The experimental outcomes validate the efficacy of the proposed methods. On the MS COCO dataset, models equipped with the proposed PAA and IoU prediction mechanisms set new state-of-the-art results for single-stage detectors. The paper reports significant performance improvements over baselines and competing methods: achieving 44.8% AP on COCO test-dev with a ResNet101 backbone and 53.5% when employing a ResNeXt-32x8d-152-DCN backbone with multi-scale testing. Experiments indicate that the PAA, coupled with IoU prediction and score voting, not only enhance precision but lead to better utilization of computational resources due to the efficient assignment strategy.

Implications and Future Directions

This research has several theoretical and practical implications for the field of object detection. The probabilistic treatment of anchor scores aligns with modern machine learning principles by adopting probabilistic inference, thereby enhancing model training dynamics and performance. The integration of localization quality into object detection via IoU prediction aligns model objectives across training and testing phases, addressing one of the critical shortcomings in conventional object detection pipelines.

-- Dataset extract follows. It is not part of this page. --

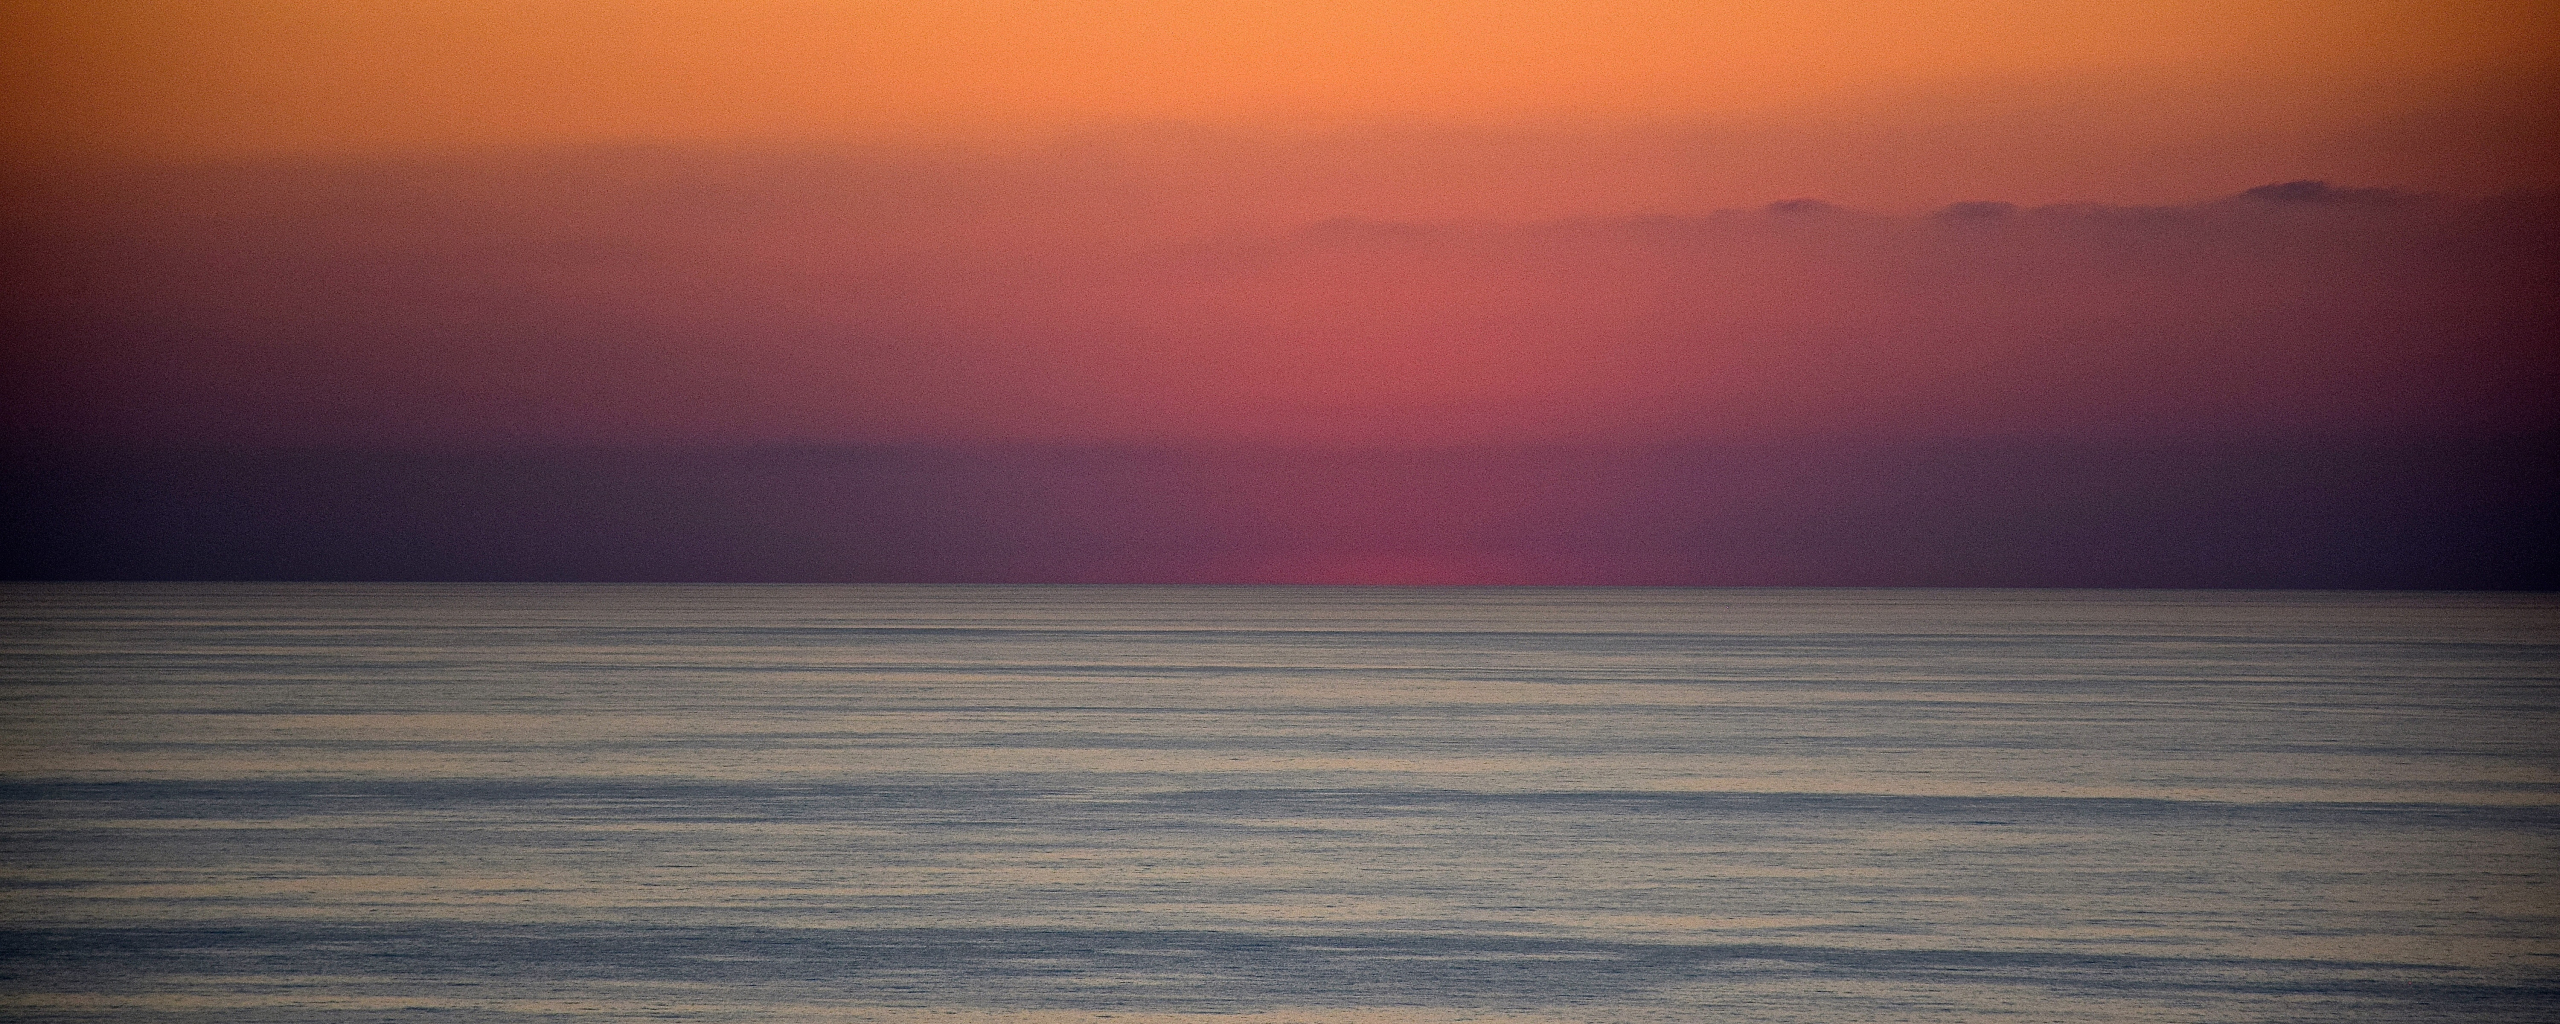 Sea, calm, sunset, body of water, blur, 2560x1024 wallpaper

Looking forward, the proposed probabilistic anchor assignment framework could be further extended to more complex scenarios and tasks beyond regular object detection, such as instance segmentation and object tracking. Moreover, further exploration into the combination of probabilistic models with emerging deep learning frameworks might yield additional insights and improvements in detection systems.

In conclusion, this paper introduces a sophisticated anchor assignment strategy that integrates well within existing detection paradigms, simultaneously driving performance improvements and laying a foundation for future research endeavors.